At this stage, if paragraph characters occur at the end of each line of text instead of only at the end of paragraphs IGNORE them. If you make corrections now dealing with page numbers will be difficult. They will become embedded inside paragraphs and you don't want that.

First:
a) Look for optional hyphens (little lines inside words)
b) Tabs (little arrows)
c) A space (small dot) followed by a paragraph character (pilcrow)
d) Manual line breaks (bent arrows) (Inserted with SHIFT-ENTER)
e) Non-breaking space (small circle) (Inserted with CTRL-SHIFT SPACE

Uncheck 'Use wildcards'
Removal

Code:

(a) Find: ^-		Replace: blank
	(b) Find: ^t		Replace: blank
	(c) Find: <space>^13	Replace: ^p	(for <space> hit the spacebar)
	(d) Find: ^|		Replace: ^p	(the char after ^ is the 'pipe' found with shift backslash '\'.
	(e) Find: ^s		Replace: <space>	(<space> means press space bar once)

Codes for these hidden characters can be inserted in the Find/Replace dialogue by clicking 'More' - 'Special' and selecting what you need.
-----------------------
PAGE NUMBERS
-----------------------
Now use the formatting to remove repetitive items like Author, Book title, Chapter title, Page number.
Here's how:
Click on a sample piece of the text/number you want to remove. Check the formatting toolbar to see if the text has some distinguishing characteristic such as size or font.
It may be necessary to click the AA icon on the left of this toolbar to open a panel where there's more information. The format of the text where the cursor is will be identified by having a box around it and hovering the arrow over it brings up format info.
If you find something unique then put the cursor in the Find box in the Find/Replace dialogue and click More - Format. Set the format to be found.
Leave the Find and Replace box empty and Replace All.
(Remember to click 'No Formatting' before doing further searches!)

If there was no unique format for the numbers/authors/title we need plan B!
Here are some common page numberings:- (where x = page number)

(a) Author-x and x-Title OR Title-x and x-Author.
(b) Page x of y where y is the total pages
(c) Page x
(d) {x} where {} is some simple form of decoration
(e) x

(a) Author-x and x-Title OR Title-x and x-Author
You won't be able to deal with all of them in one scan because of Word's limited F/R compared to Regex.

Find a line that that has the authors name and page number. Copy and paste this line into the Find box. Change the digit to [0-9]@
and modify the line to look like (A) or (B) according to whether the number is before or after the text.
Click 'More' and check 'Use wildcards'.

Code:

(A)
Find:	(^13)the title or author*[0-9]{1,3}*^13
Repl:	\1
(B)
Find:	(^13)[0-9]{1,3}*the title or author*^13
Repl:	\1

Notes:
If you've copied and pasted the title or author, deselect this before searching.
[0-9] means any digit in the range 0-9 and @ means 1 or more.
* means zero or more of anything (always use with care. Have a back-up.)
^13 means a paragraph character (use only in Find box, never in Replace box)
\1 means the item captured by the expression in the first set of round brackets.
We are the restoring the first found paragraph character because this contains formatting information about its preceding paragraph.

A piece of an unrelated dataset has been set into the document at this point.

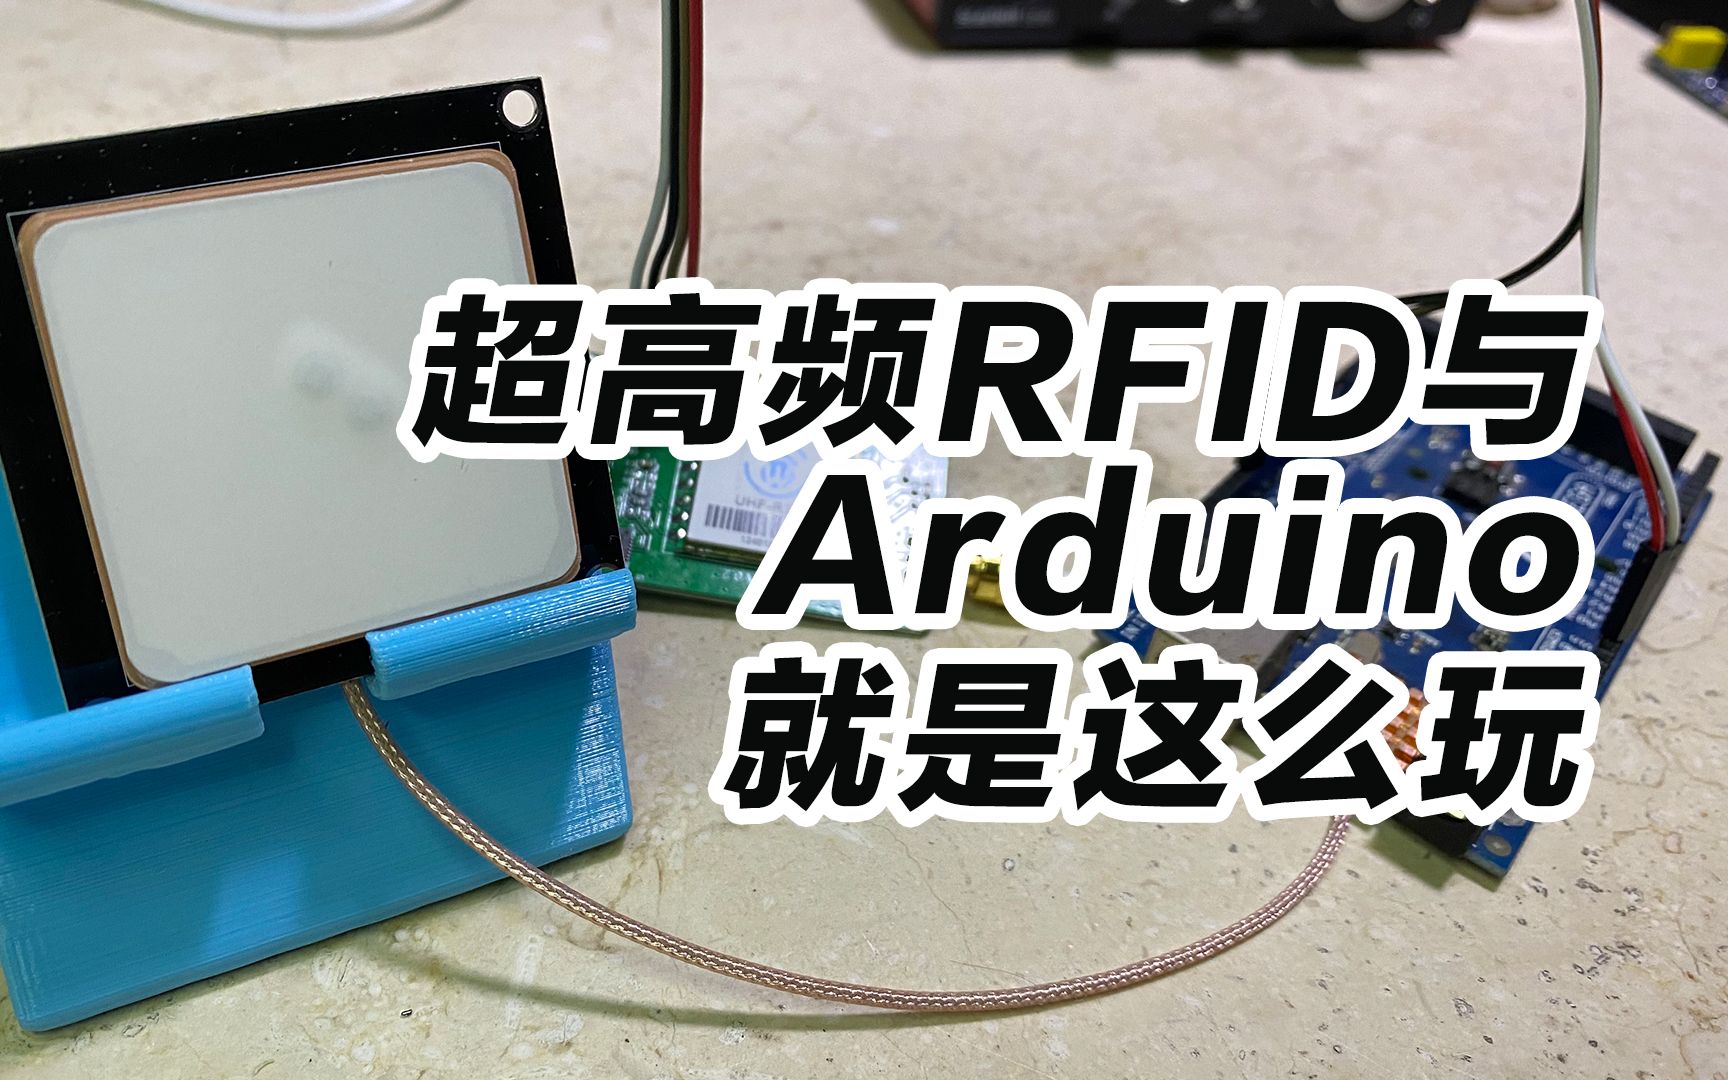 超高頻rfid與arduino就是這么玩

Repeat for the way the other page is done.

Sometimes title/author, page number sneaks onto the end of a text paragraph. It's a good idea to search (Find Next) for both the author name and the title to check this out.
If the title/author page number is not in it's own paragraph, use the following F/Rs:

Notes:
IT IS IMPORTANT TO DO THESE IN THE ORDER SHOWN
Use REPLACE not REPLACE ALL as use of * CAN SELECT TOO MUCH.
Where possible replace *s with actual text.
If there is a character that won't paste into the Find box use the '?' for any character.
In the expressions below paste the actual title or author.

FIRST
Check 'Use wildcards'

Code:

Find:	the title/author[!^13]@[0-9]{1,3}*^13
Repl:	blank or space	Check with Find Next to see what is required
			- it depends whether you've selected 'title/author' with a leading space

THEN

Code:

Find:	[0-9]{1,3}[!^13]@the title/author*^13
Repl:	blank or space	Check with Find Next to see what is required

(b) Page x of y

Check 'Use wildcards'

Code:

Find:	(^13)[Pp][Aa][Gg][Ee] [0-9]@ of [0-9]@^13
Repl:	\1

Notes:
Finds all forms of capitalisation of 'page'
There are three spaces in the expression - one after [Ee] and two around " of ".

(c) Page x

Check 'Use wildcards'

Code:

Find:	(^13)[Pp][Aa][Gg][Ee] [0-9]@^13
Repl:	\1

(d) {x}
Check 'Use wildcards'

Code:

Find:	(^13)[\decorative character ]@[0-9]@[\decorative character ]@^13
Repl:	\1

Example: (^13)[\{\} ]@[0-9]@[\{\} ]@^13
Notes:
The backslash is to 'escape' the next character which otherwise could be interpreted as a wildcard.
The expression [\{\} ]@ means one or more of the characters '{' '}' and <space> in any order.
Replace {} with the decorative character you find in your document.

(e) x USE WITH CARE ***

Check 'Use wildcards'

Code:

Find:	(^13)[0-9 ]@^13
Repl:	\1

Notes: A space before or after the number or between digits is allowed for here by using [0-9<space>].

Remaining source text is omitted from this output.